## [Required work]
Copy everything in the data below exactly except the pictures.

Data extract Block Start

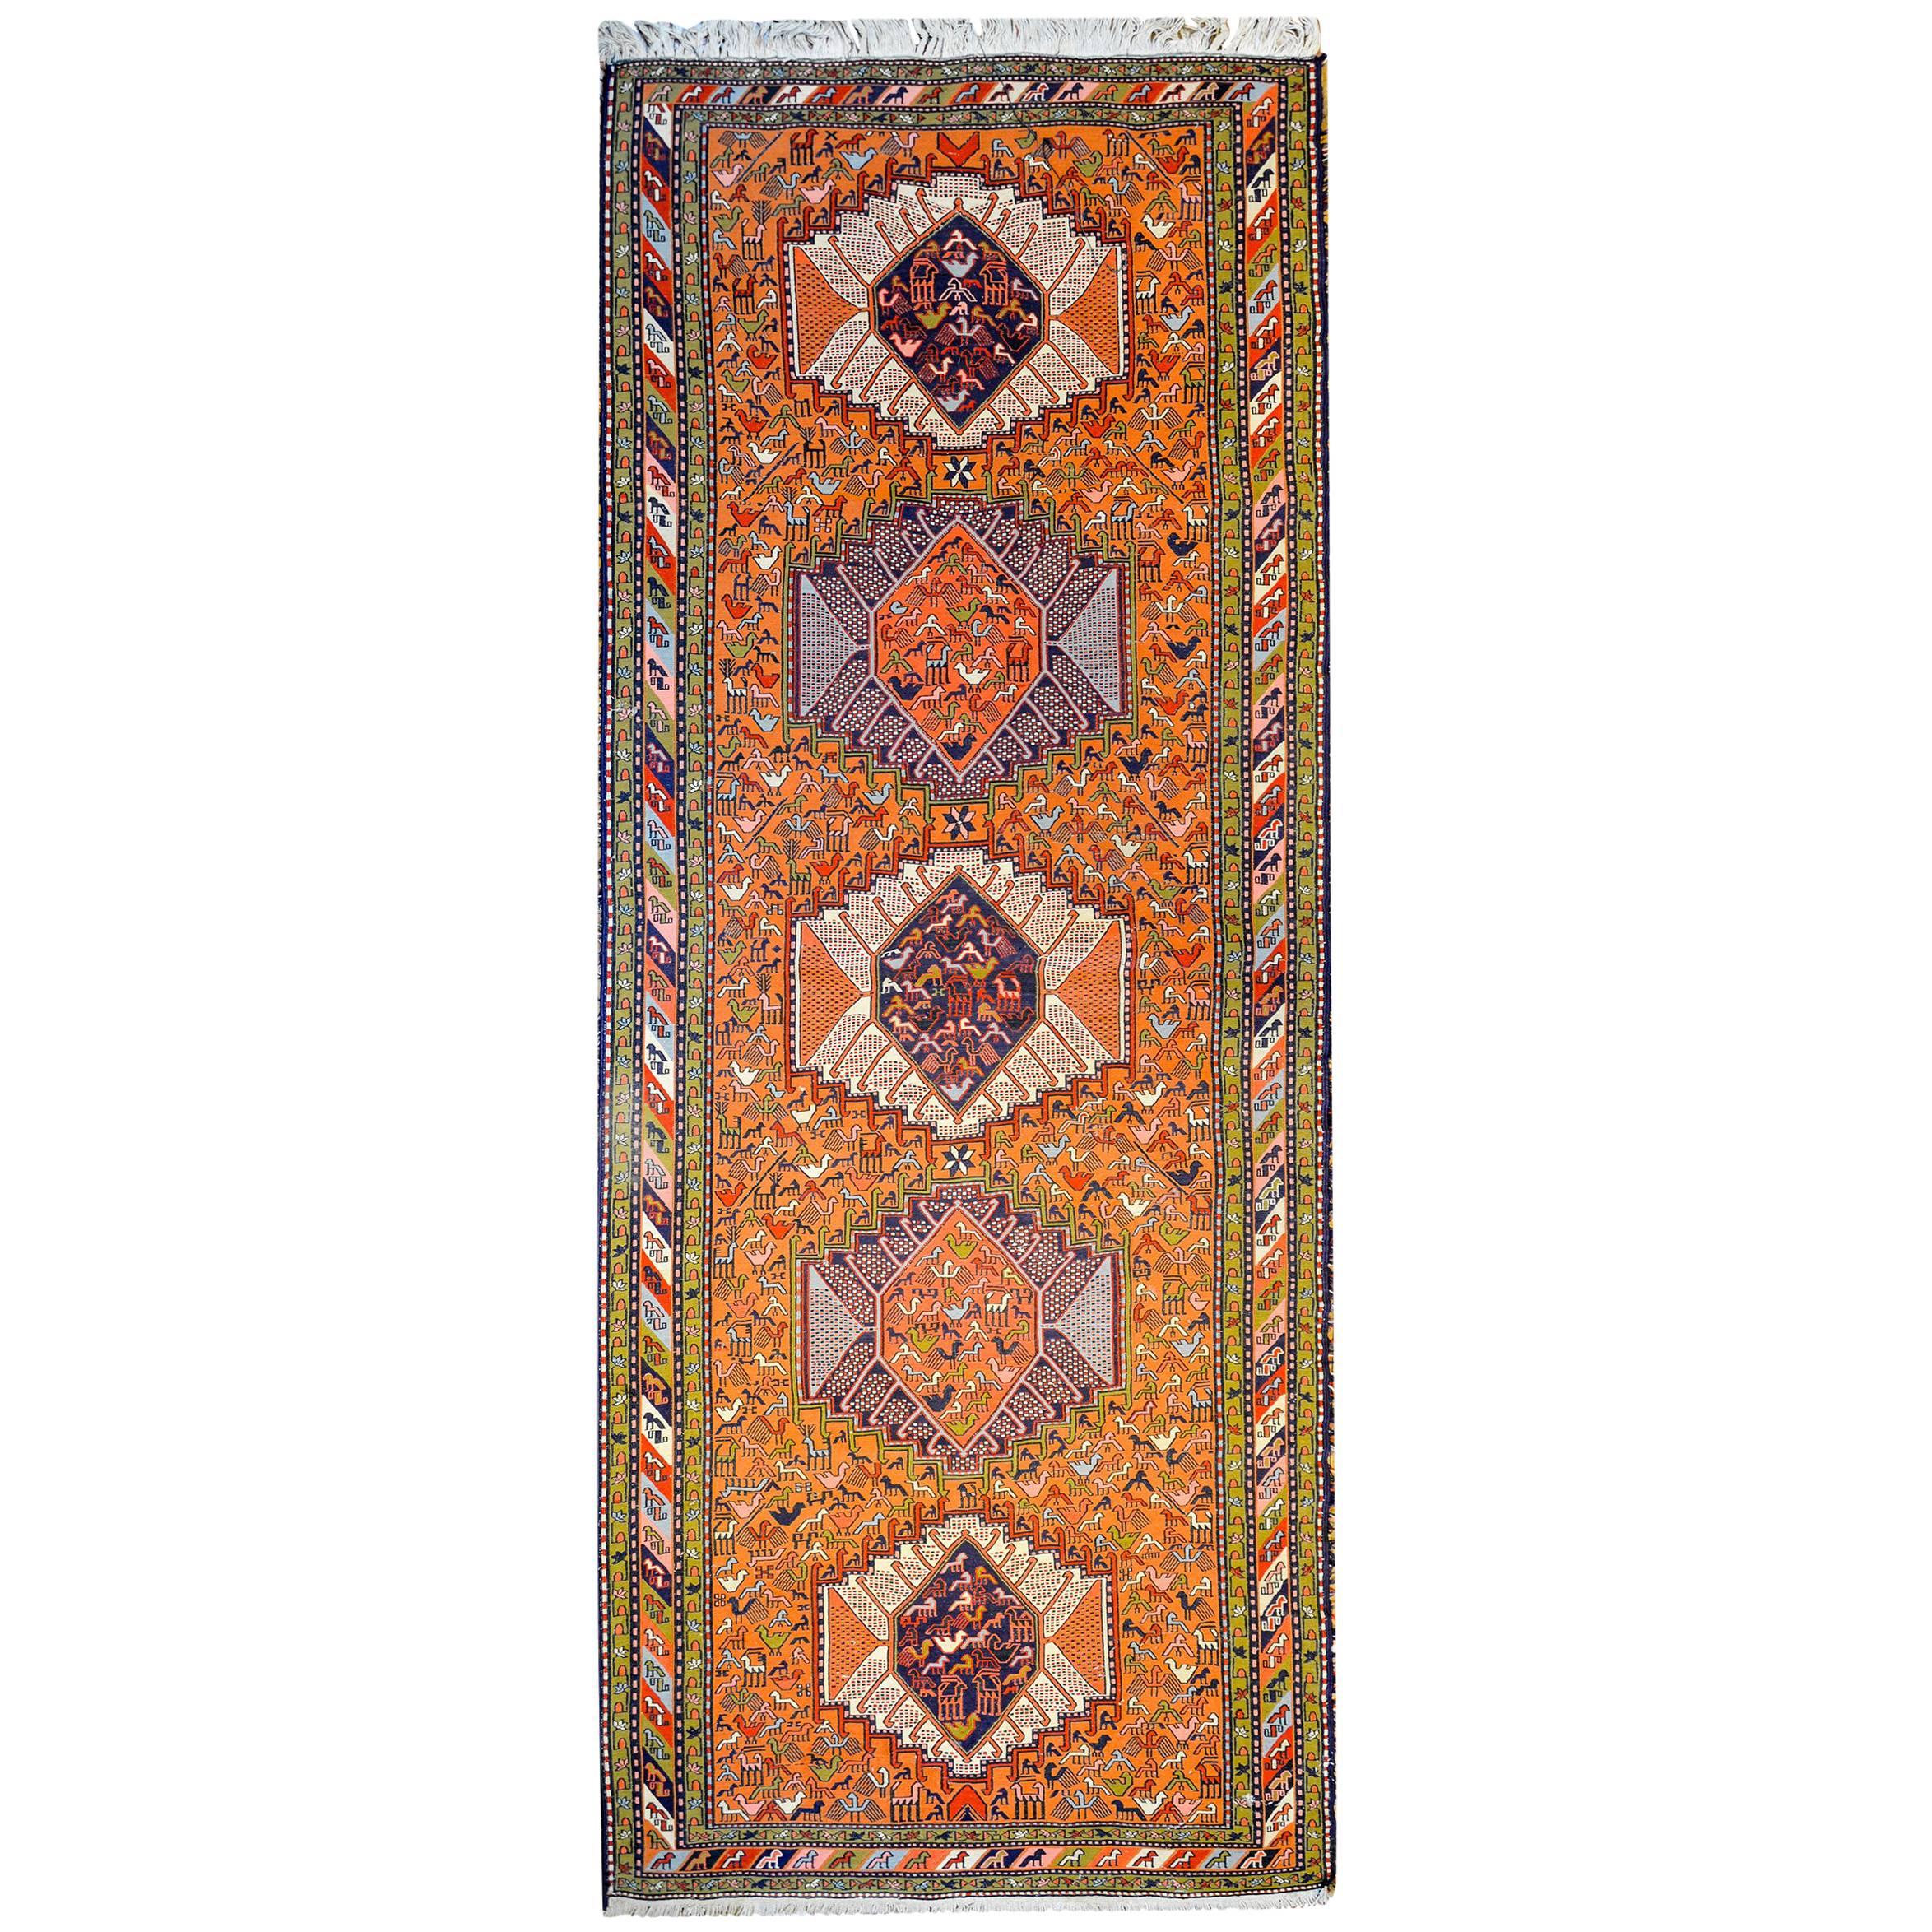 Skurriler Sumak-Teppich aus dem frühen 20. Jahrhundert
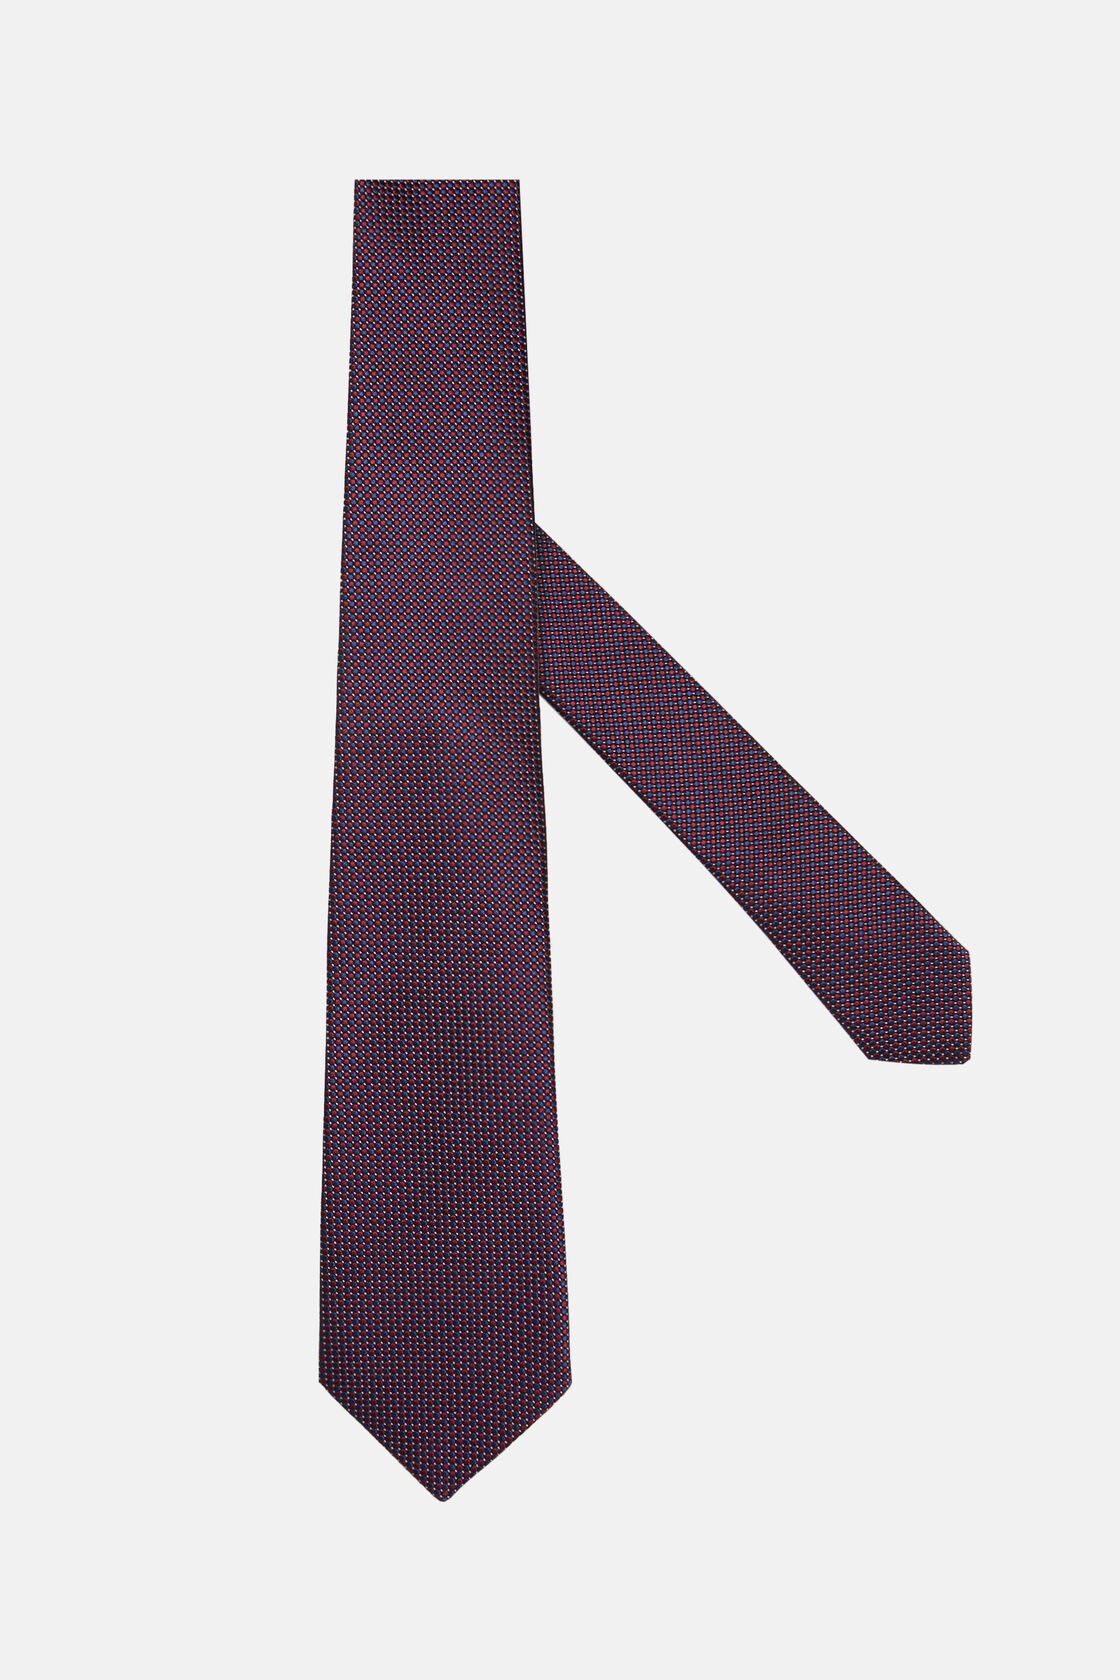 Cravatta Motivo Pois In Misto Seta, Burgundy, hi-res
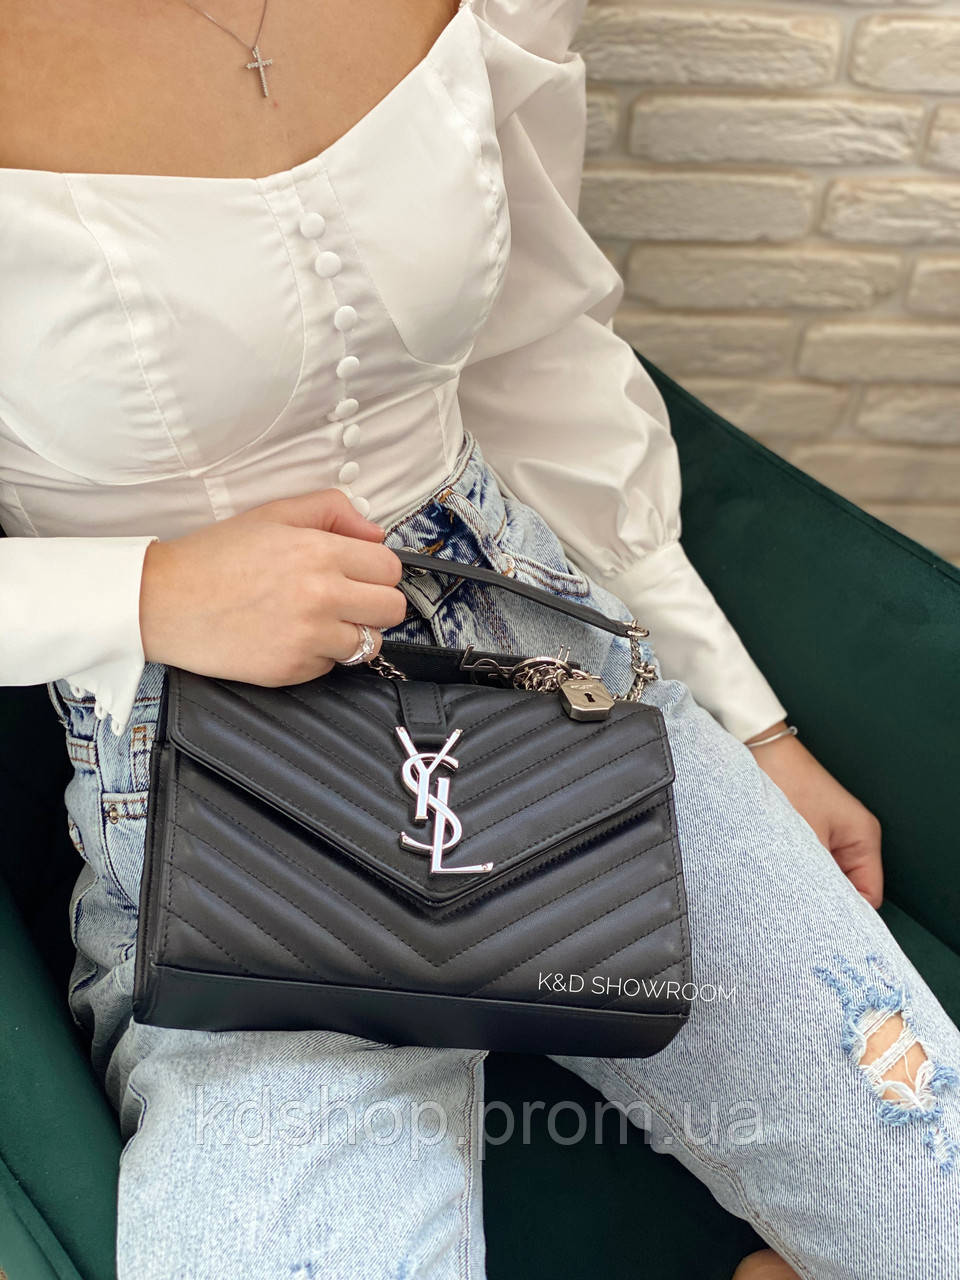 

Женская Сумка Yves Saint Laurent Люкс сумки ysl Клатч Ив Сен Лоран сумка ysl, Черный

Data extract Block End

## [Solved problem]
 Skurriler Sumak-Teppich aus dem frühen 20. Jahrhundert
 Cravatta Motivo Pois In Misto Seta, Burgundy, hi-res

Женская Сумка Yves Saint Laurent Люкс сумки ysl Клатч Ив Сен Лоран сумка ysl, Черный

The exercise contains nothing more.